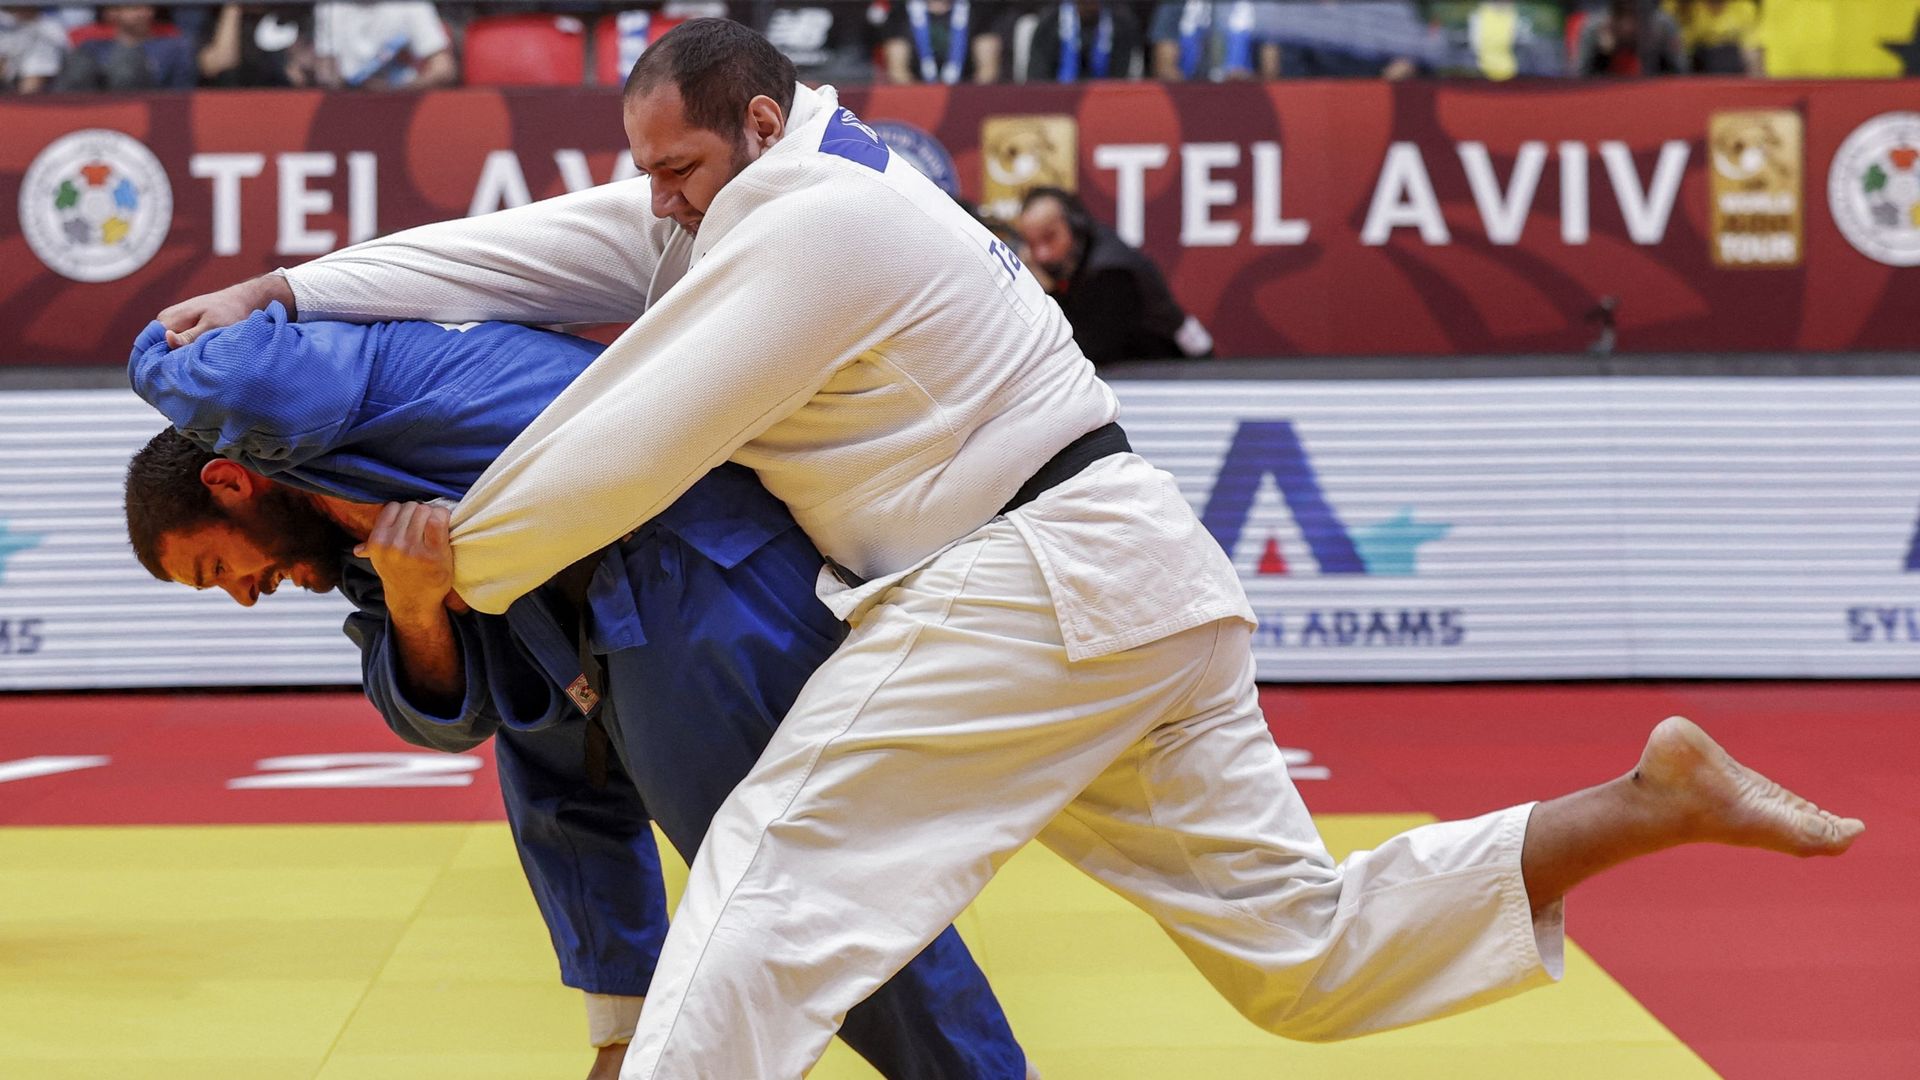 Rafael Silva contre Guram Tushishvili pour la médaille d’or lors du Grand Chelem de judo de Tel Aviv le 19 février dernier.
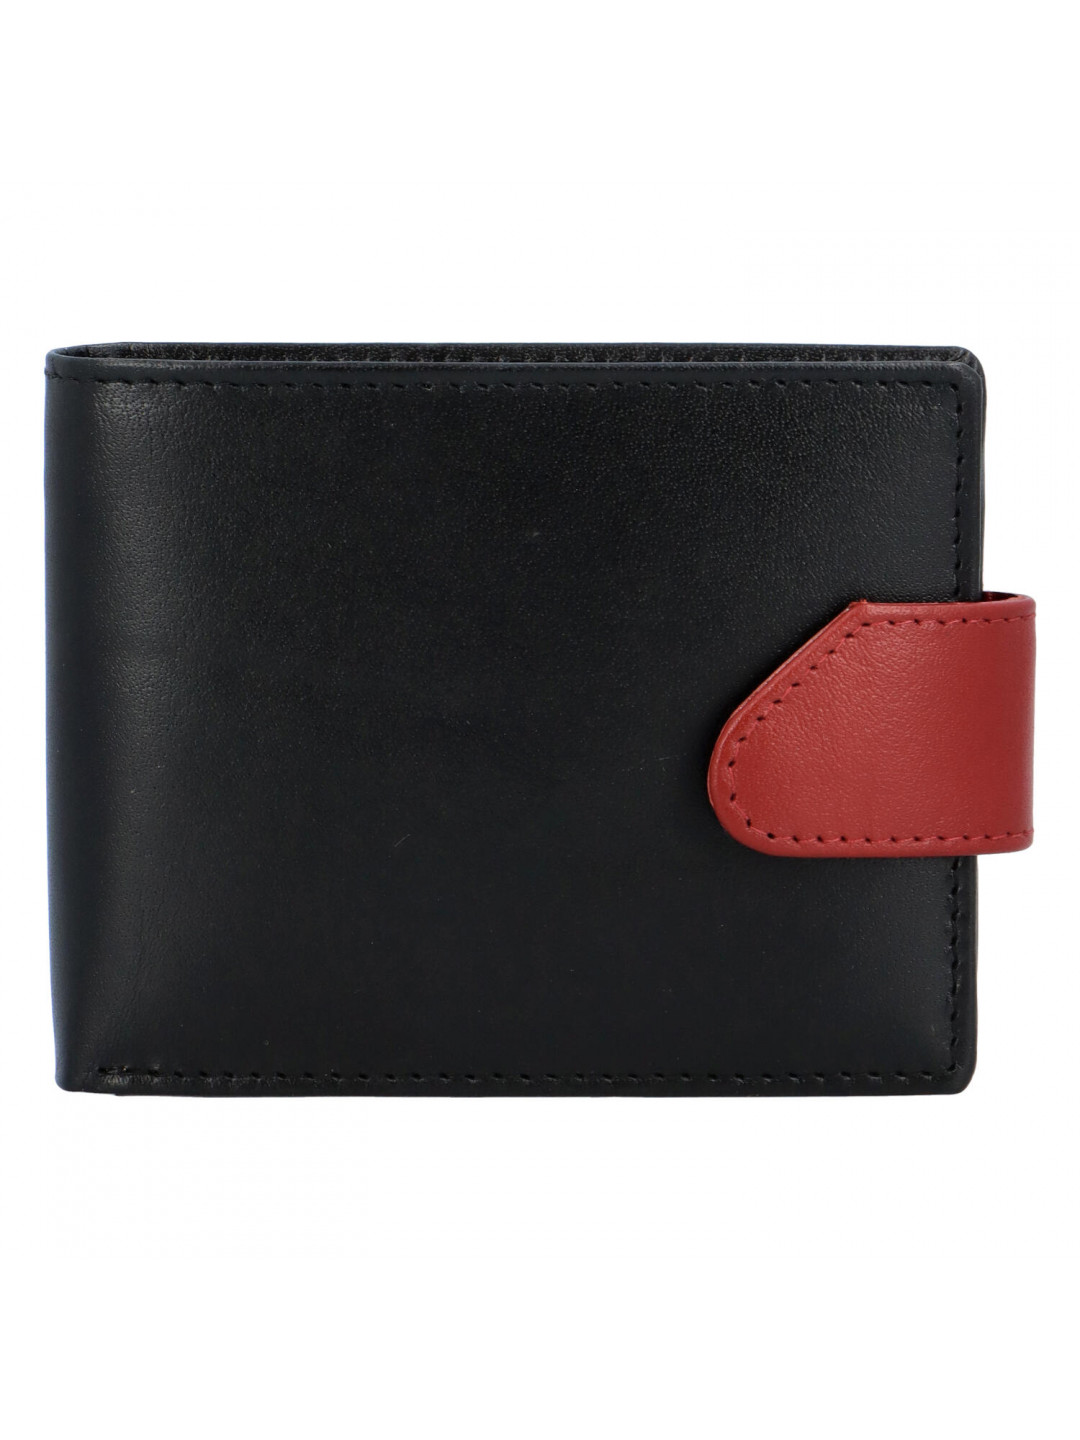 Hladká pánská černo červená kožená peněženka – Tomas 76VT
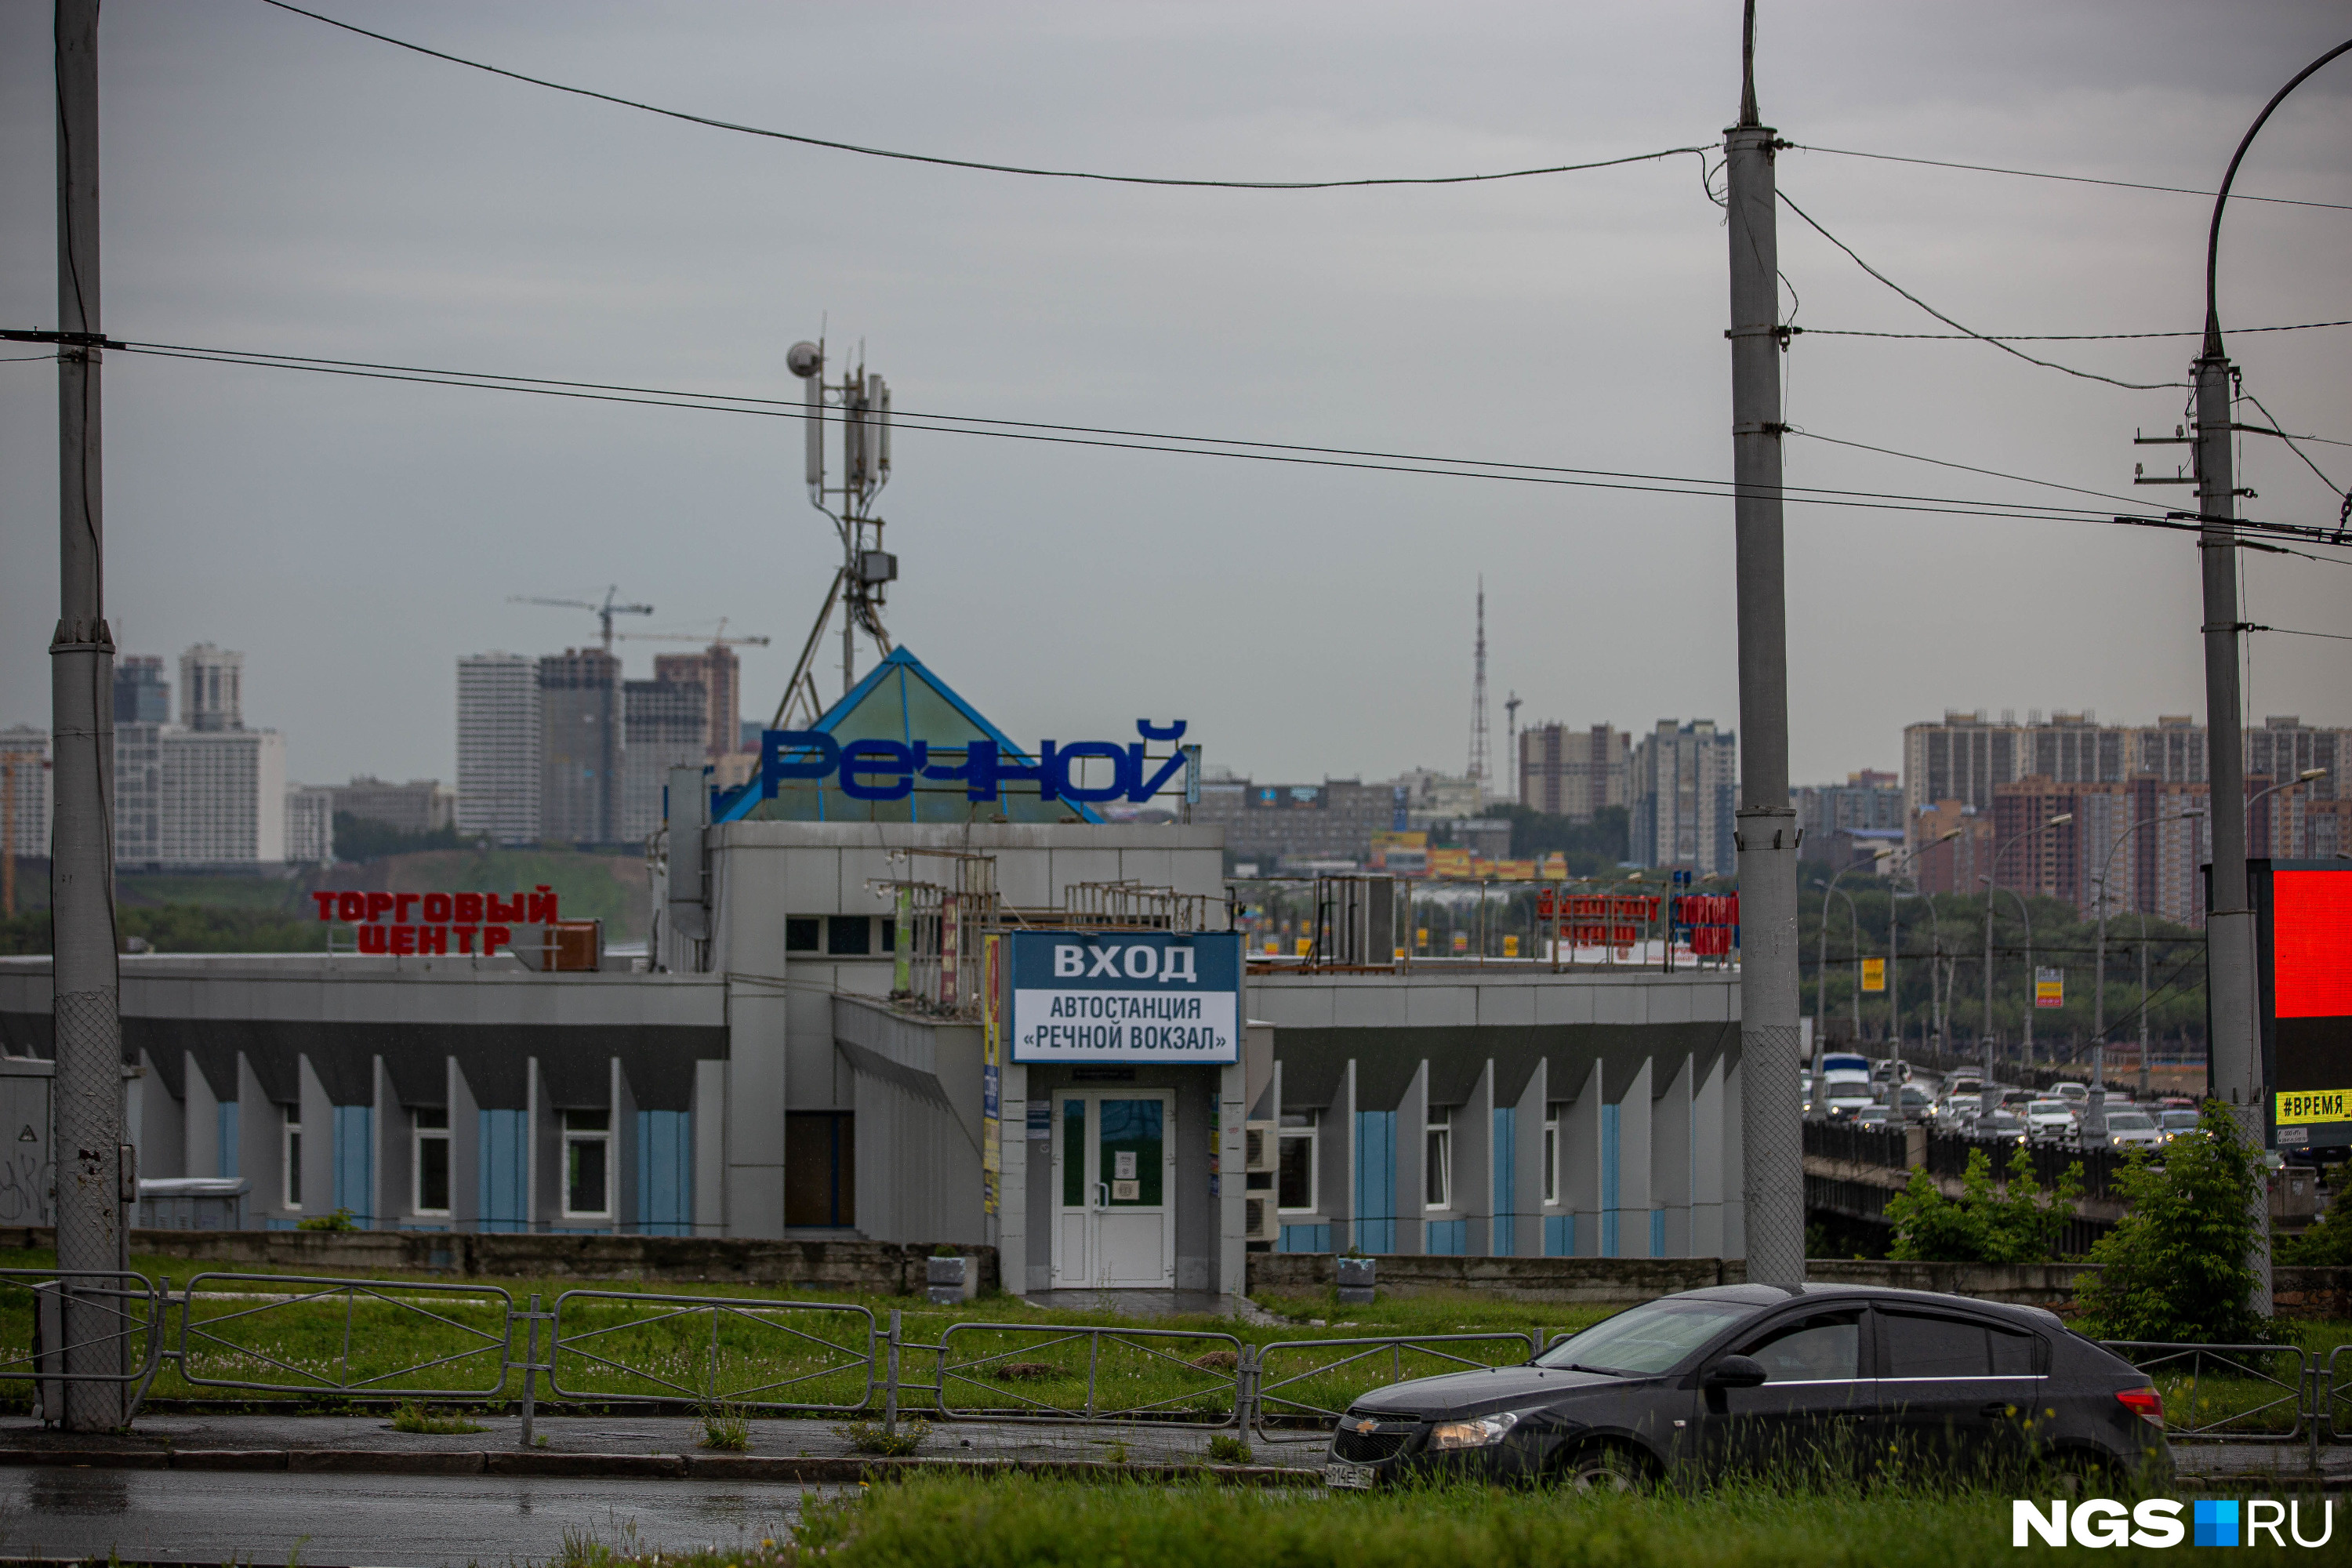 Он выходит на ближайшей станции. Речной вокзал Новосибирск автовокзал. Автобусная станция Речной вокзал Новосибирск. Метро Речной вокзал Новосибирск. Новосибирск автостанции на вокзале.

**Activity:** Only the pictures are dropped. Otherwise, write out the listing exactly.

**Response area:**
 Rafael Silva contre Guram Tushishvili pour la médaille d’or lors du Grand Chelem de judo de Tel Aviv le 19 février dernier.
 Hladká pánská černo červená kožená peněženka – Tomas 76VT
 Он выходит на ближайшей станции. Речной вокзал Новосибирск автовокзал. Автобусная станция Речной вокзал Новосибирск. Метро Речной вокзал Новосибирск. Новосибирск автостанции на вокзале.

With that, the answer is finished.